## Dataset section
=== Begin Enclosure ===

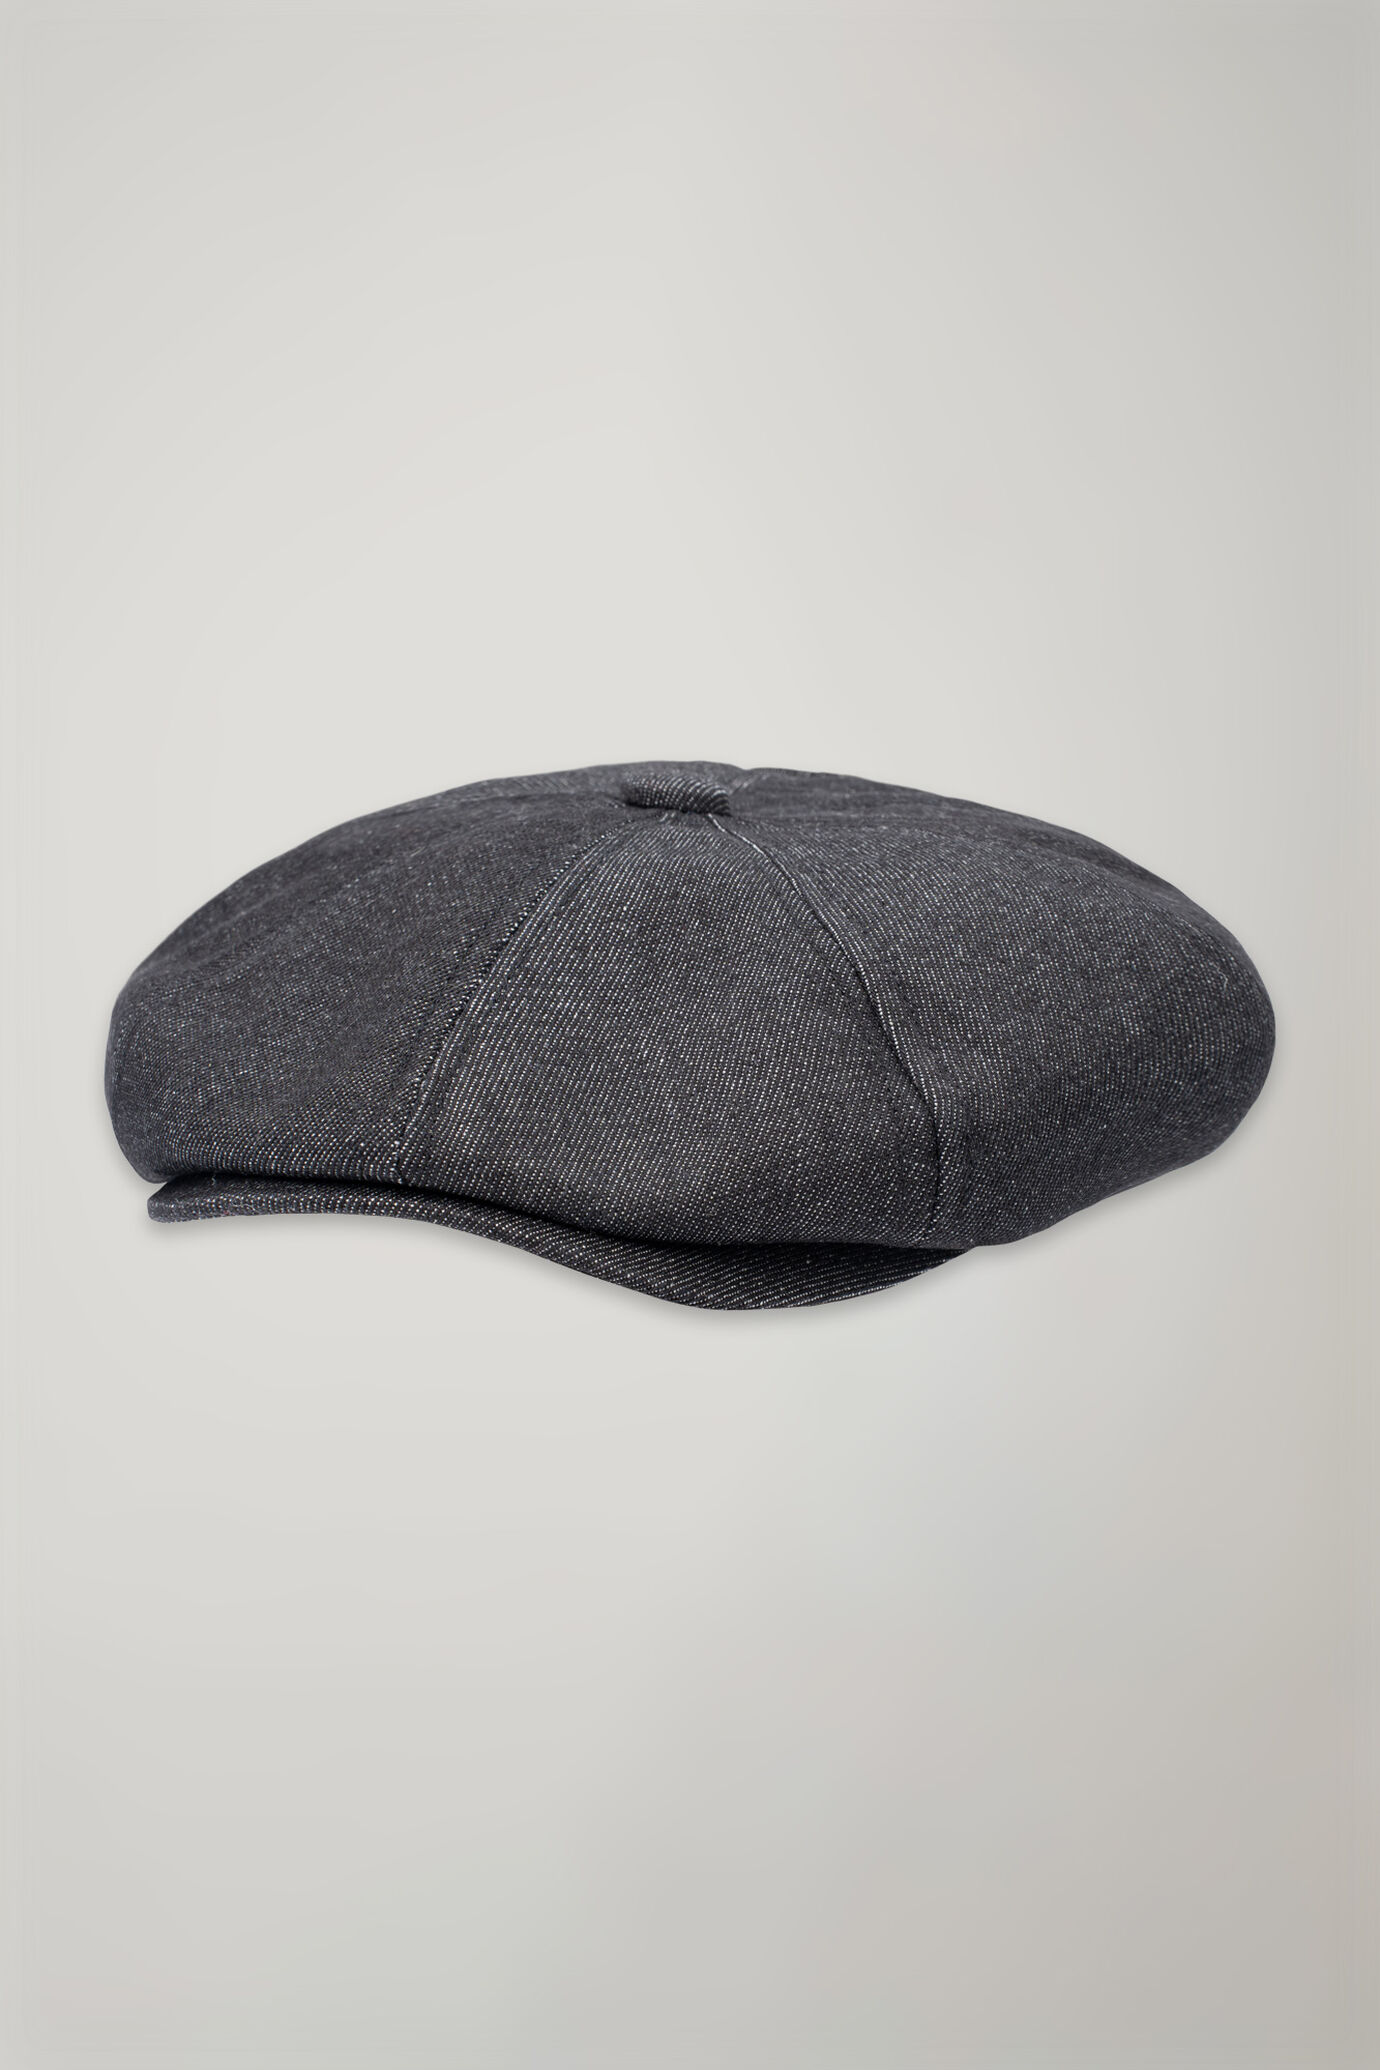 Men's black denim newsboy hat
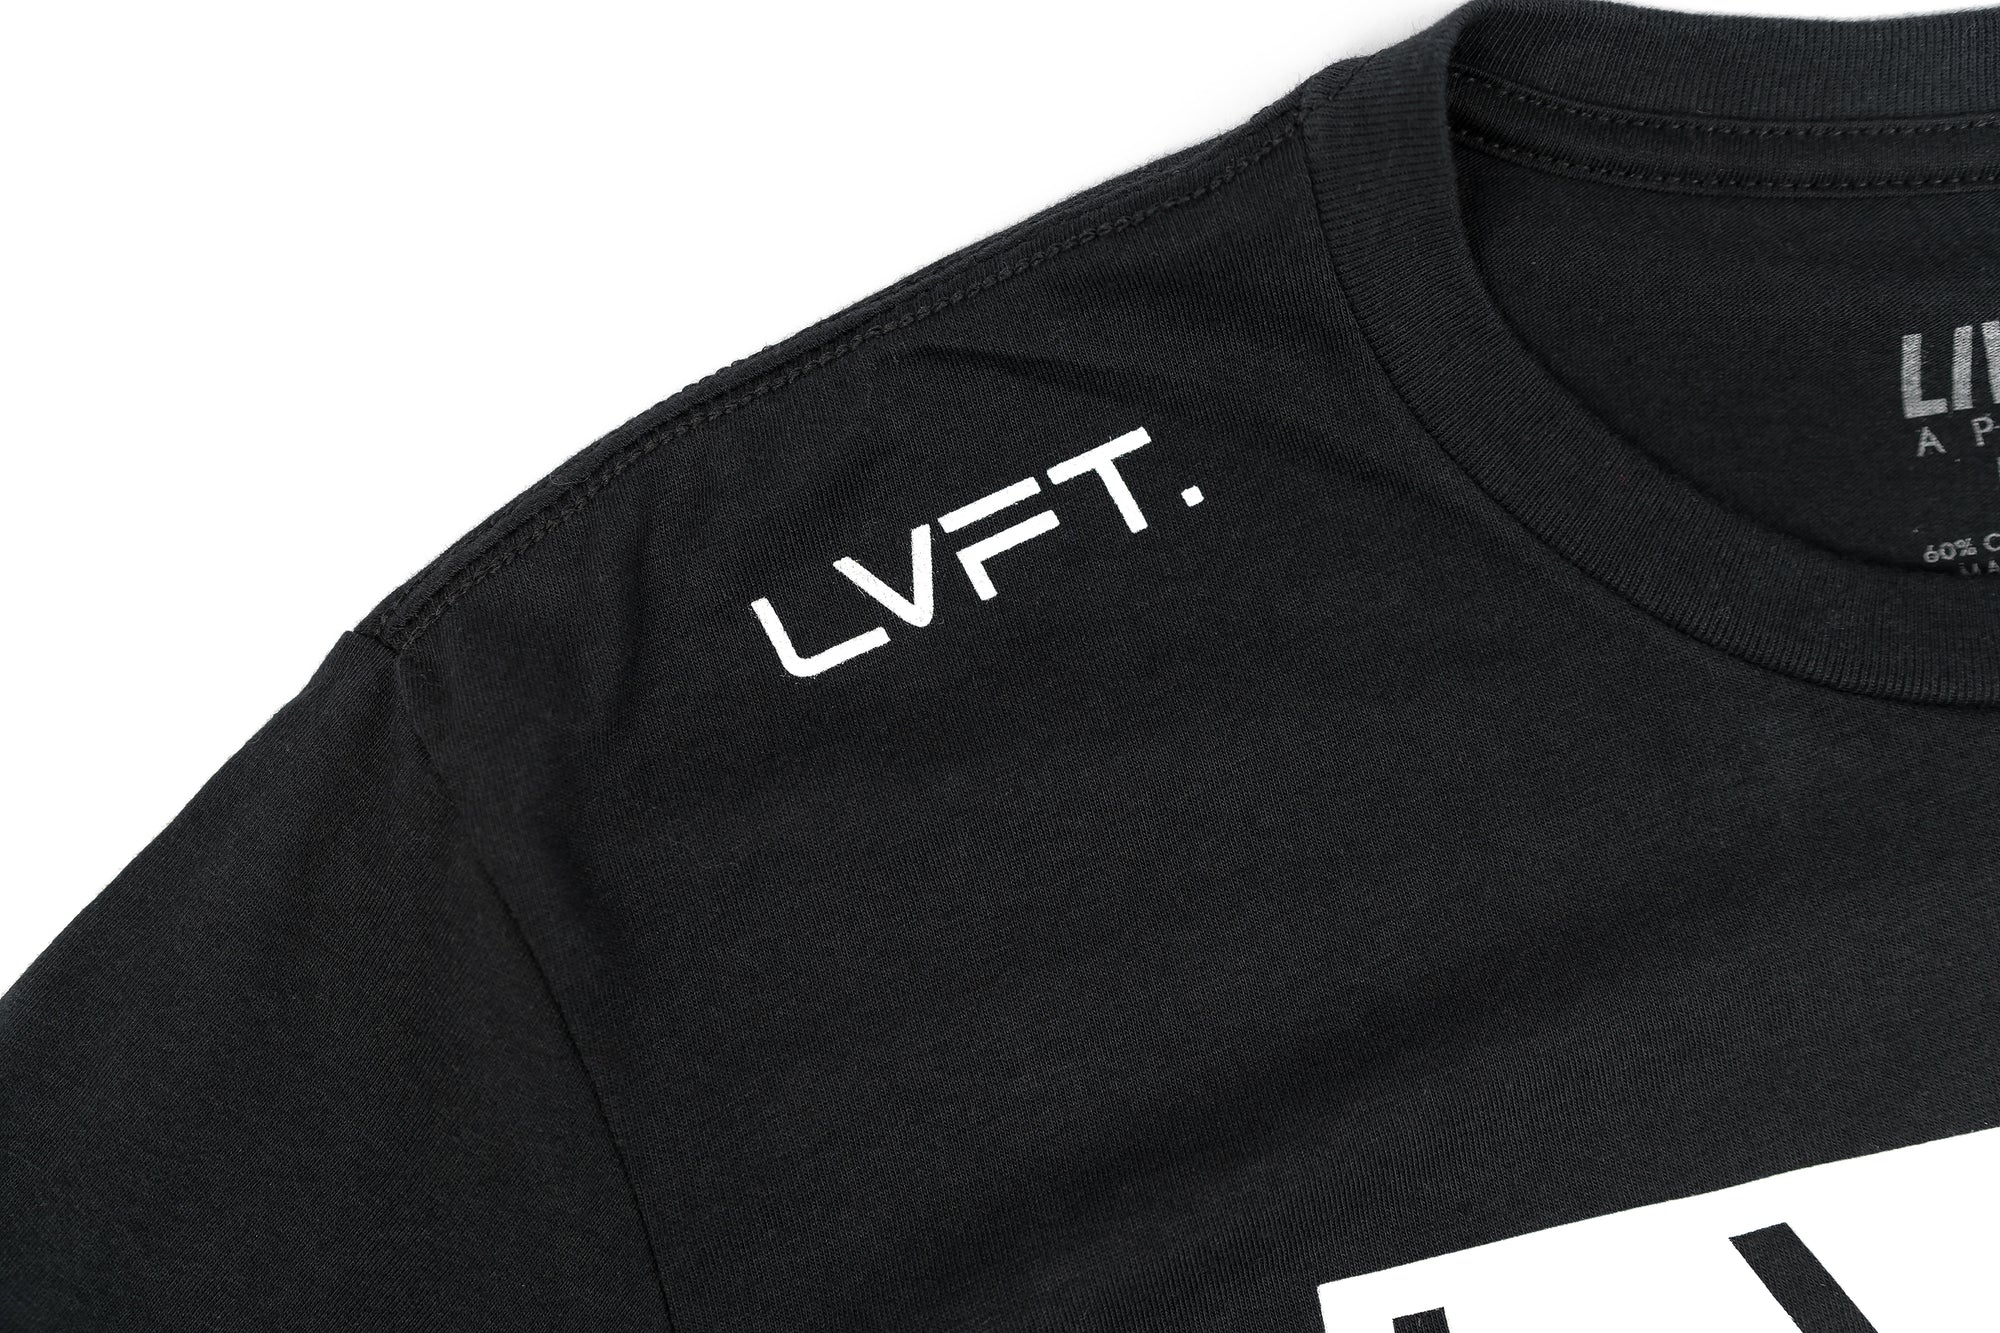 Team LVFT Tee - Black Discount 
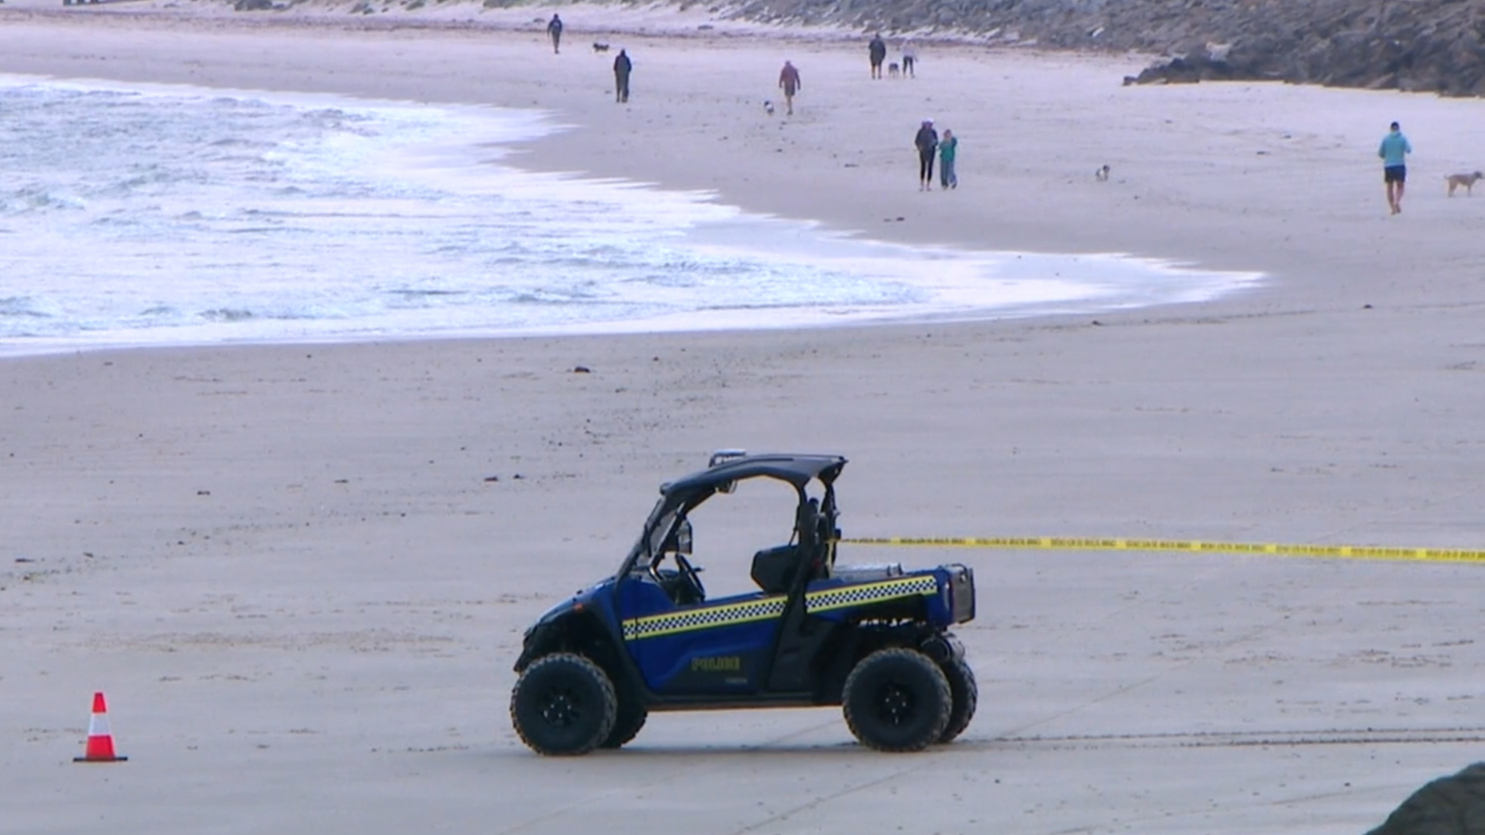 Police investigating death at a popular SA beach
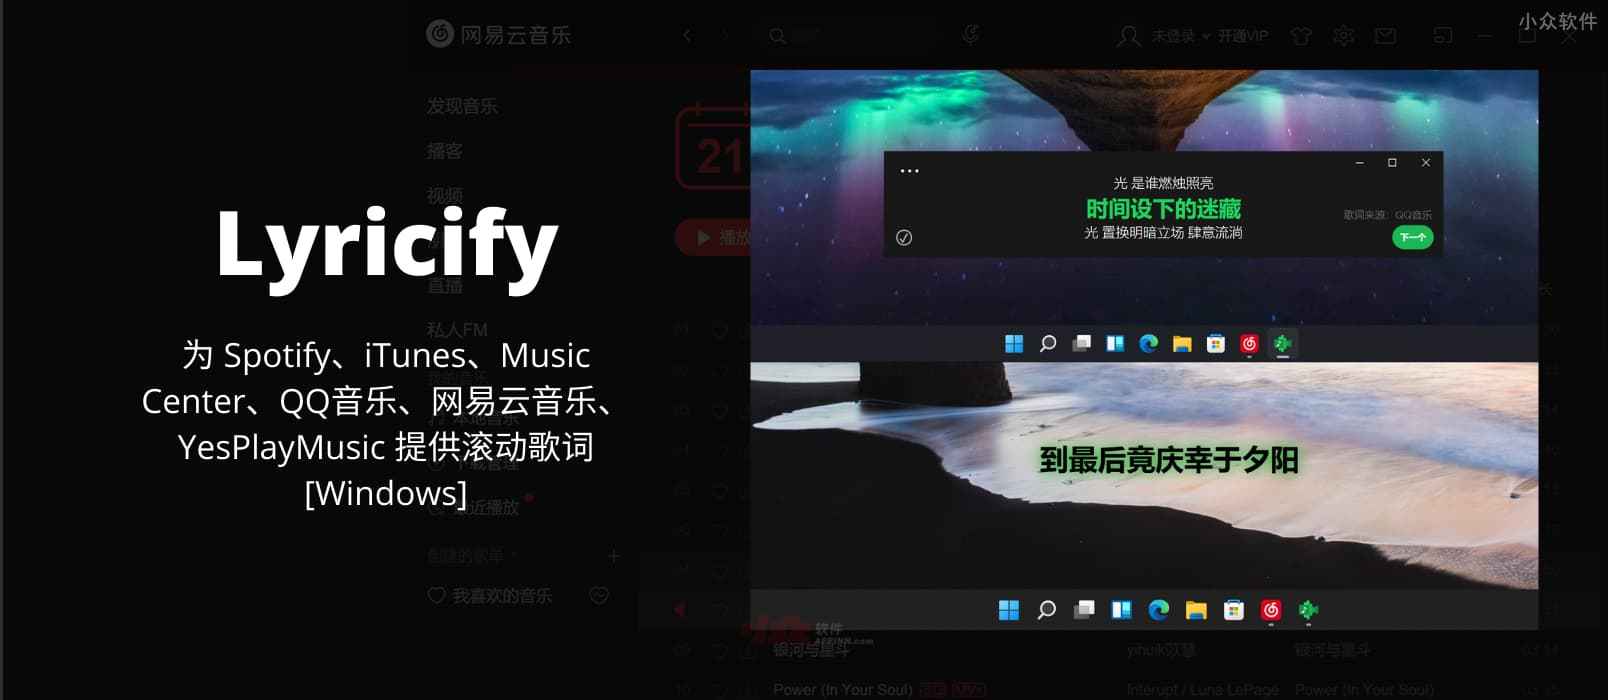 Lyricify – 为 Spotify、iTunes、Music Center、QQ音乐、网易云音乐、YesPlayMusic 提供滚动歌词[Wi

=== End Enclosure ===

## Your goal
The material above must be reproduced line for line, with the images omitted.

## Task result
 Men's black denim newsboy hat
 Team LVFT Tee - Black Discount 
 Police investigating death at a popular SA beach
 Lyricify – 为 Spotify、iTunes、Music Center、QQ音乐、网易云音乐、YesPlayMusic 提供滚动歌词[Wi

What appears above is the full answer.